Later it was called “making your money work for you” because money doesn’t stink. And to this day, many people call their wives “my piece of gold” for good reason. The old knights did it at least as cleverly: They declared land, including cattle, crops and farmers their property, let the lower classes work and in return guaranteed protection “from bad guys” (in case of doubt from themselves). The “protection racketeering” method was born and is still admired around the world today. Many children want to be knights, nobody wants to be a farmer. Farmers stink and somehow always remain poor, while knights miraculously get rich.

Broker, trader, pawn catcher

As clever as the nobility acted, their time had come when the merchant class was preparing to amass even greater wealth. Instead of wasting days in skirmishes, poisonings, and courtly etiquette, slide rules were pushed until they glowed. A merchant’s core competency to this day: buying something cheaper and selling it more expensive than it’s worth. It’s about international product expertise and smart market analyses, but also about nice words, storytelling, customer needs, psychology! The greedy can better capitalize on nothing than on the greed of others. Which brings us to the investment banking profession.
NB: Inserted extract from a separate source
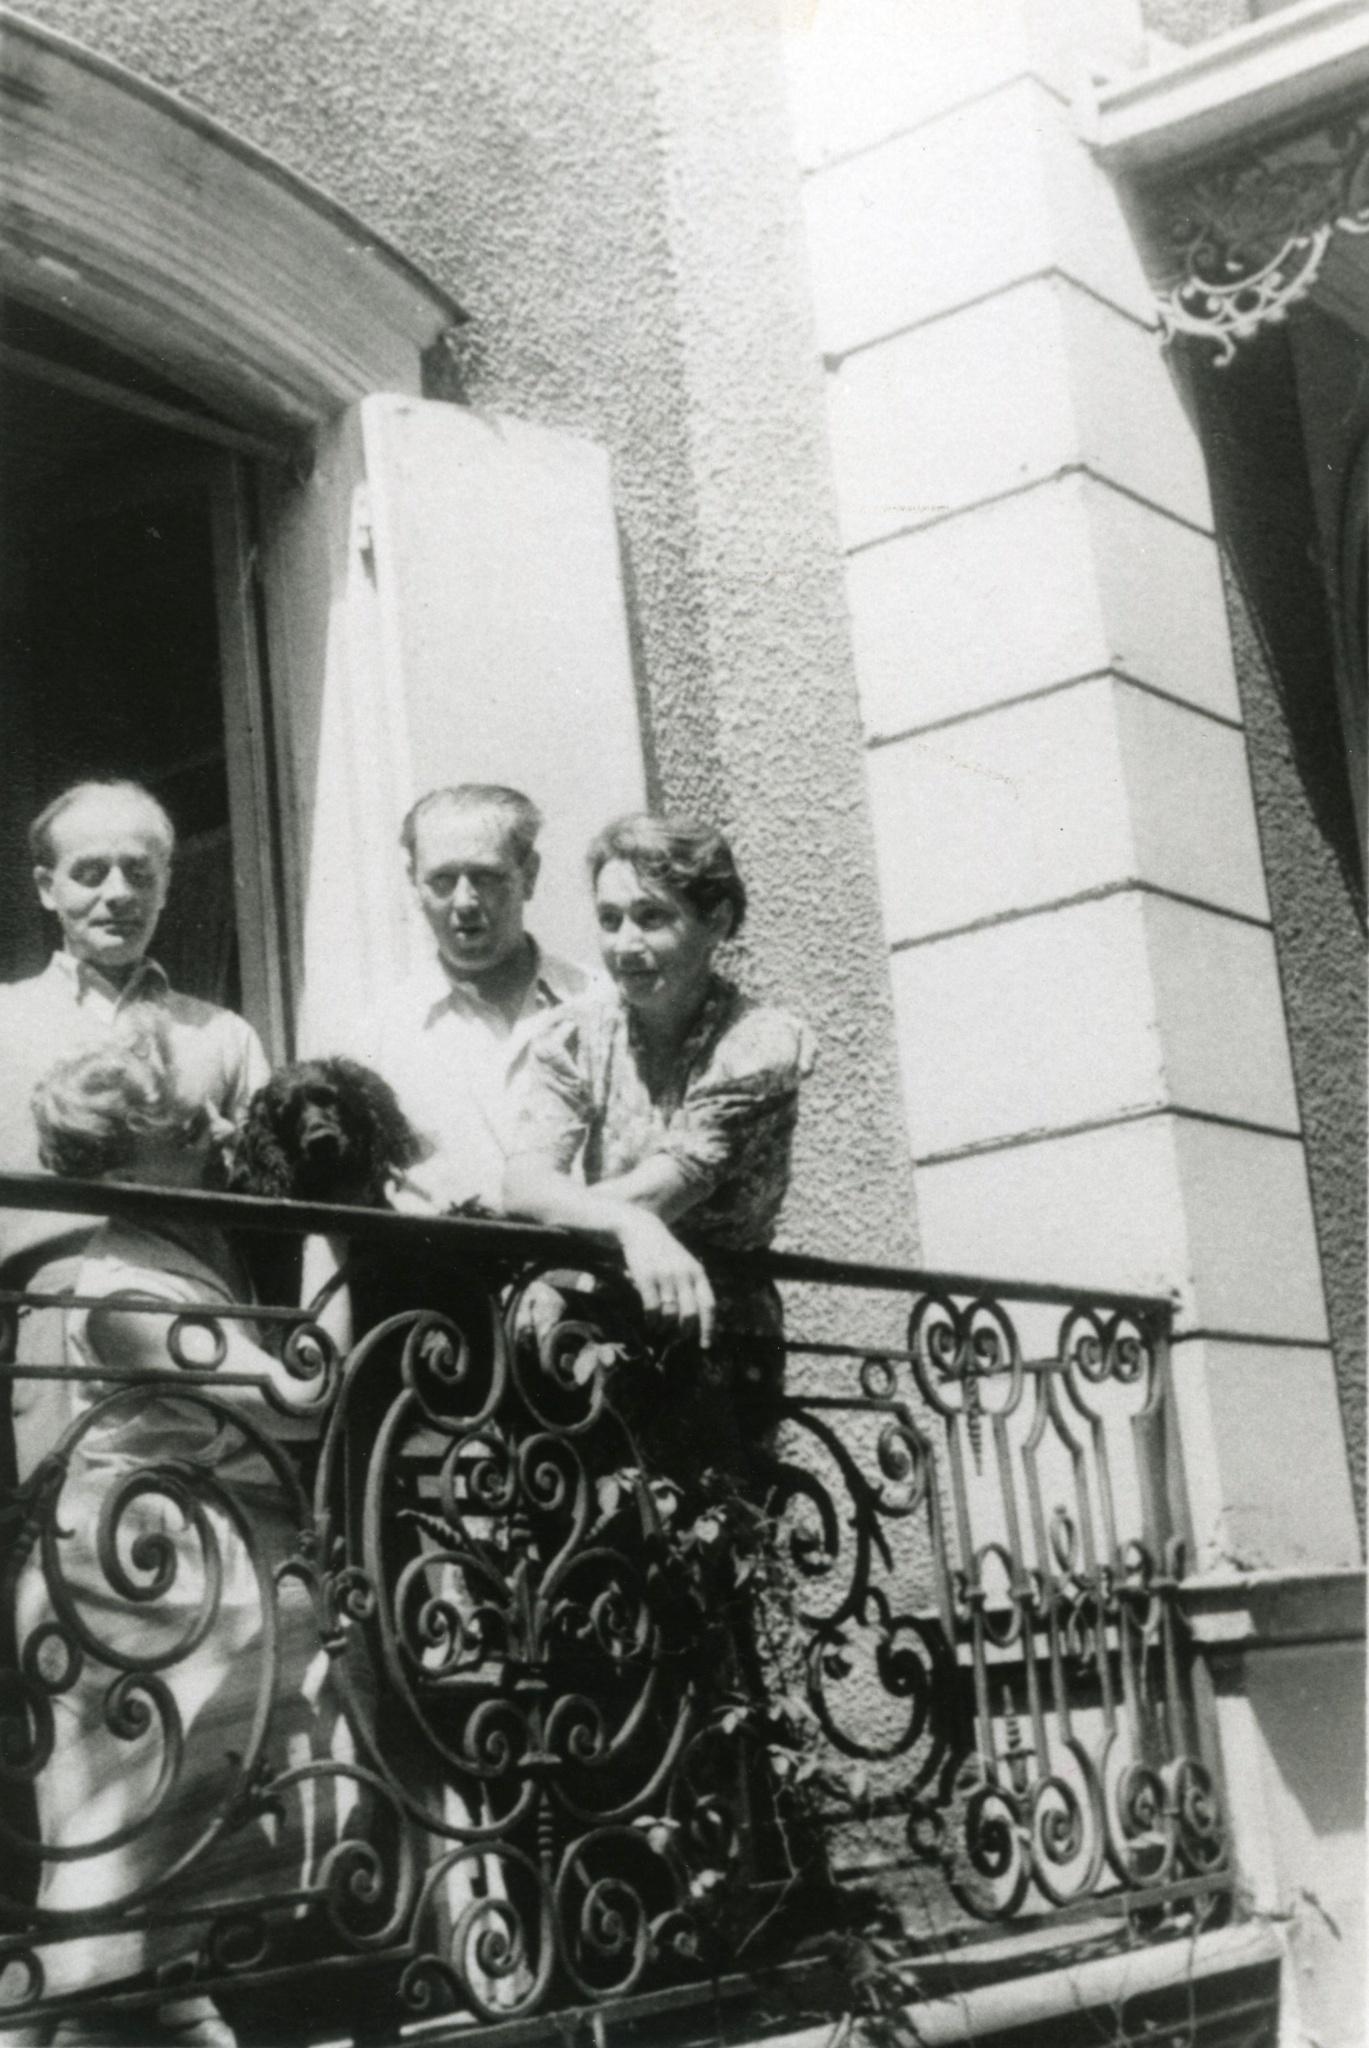 <div class='inner-box'><div class='close-desc'></div><span class='opis'>Jerzy Giedroyc, Maria Czapska (siedzi), Zygmunt Hertz i Zofia Hertz. Na balkonie domu przy av.Corneille. Maisons-Laffitte 1952 r.</span><div class='clearfix'></div><span>Sygn. FIL00295</span><div class='clearfix'></div><span class='autor'>fot. Henryk Giedroyc</span><div class='clearfix'></div><span>&copy;Henryk Giedroyc</span></div>

Banking is the pinnacle of human evolution

How stupid merchants seem to us these days who sailed halfway around the world for a few bear pelts in order to then peddle them profitably elsewhere. Poor people just hadn’t heard of derivatives, put options, or credit default swaps.

Book money, bank money, fictitious money! Algorithms that outperform the market. Billions can be conveniently moved back and forth on the computer, appearing and disappearing as if by magic. It is wonderfully easy to forget that somewhere people are toiling away or resources are running out in this artful world of the clearest mathematics. Because this isn’t about earthly hardship, material nonsense and flat traction. Dazzling monuments of human creativity are erected here. Cathedrals of beautiful promises, hopes and blooming imaginations.

You have to be a big bank

Let’s admit it, we’re jealous. Let’s finally allow the admiration of the financial sector within us that we laboriously hide behind contempt. Who wouldn’t want to be a big bank? Central banks would create money out of thin air on demand. Zack. Just like that, so you can lend it to your sleaziest friends. You can already note the amount lent as your own profit and is therefore wonderfully liquid. If the friends then gambled away too much money or the most complex pyramid schemes come to their costly end, the father state helps out, i.e. the dear people who pay taxes. Then there’s a bit of grumbling, but you don’t understand yourself what happened. And then the fun starts all over again. Splendid!

It’s about time the global financial system finally got the recognition it deserves! It should be declared a World Heritage Site because it is at the pinnacle of our civilization.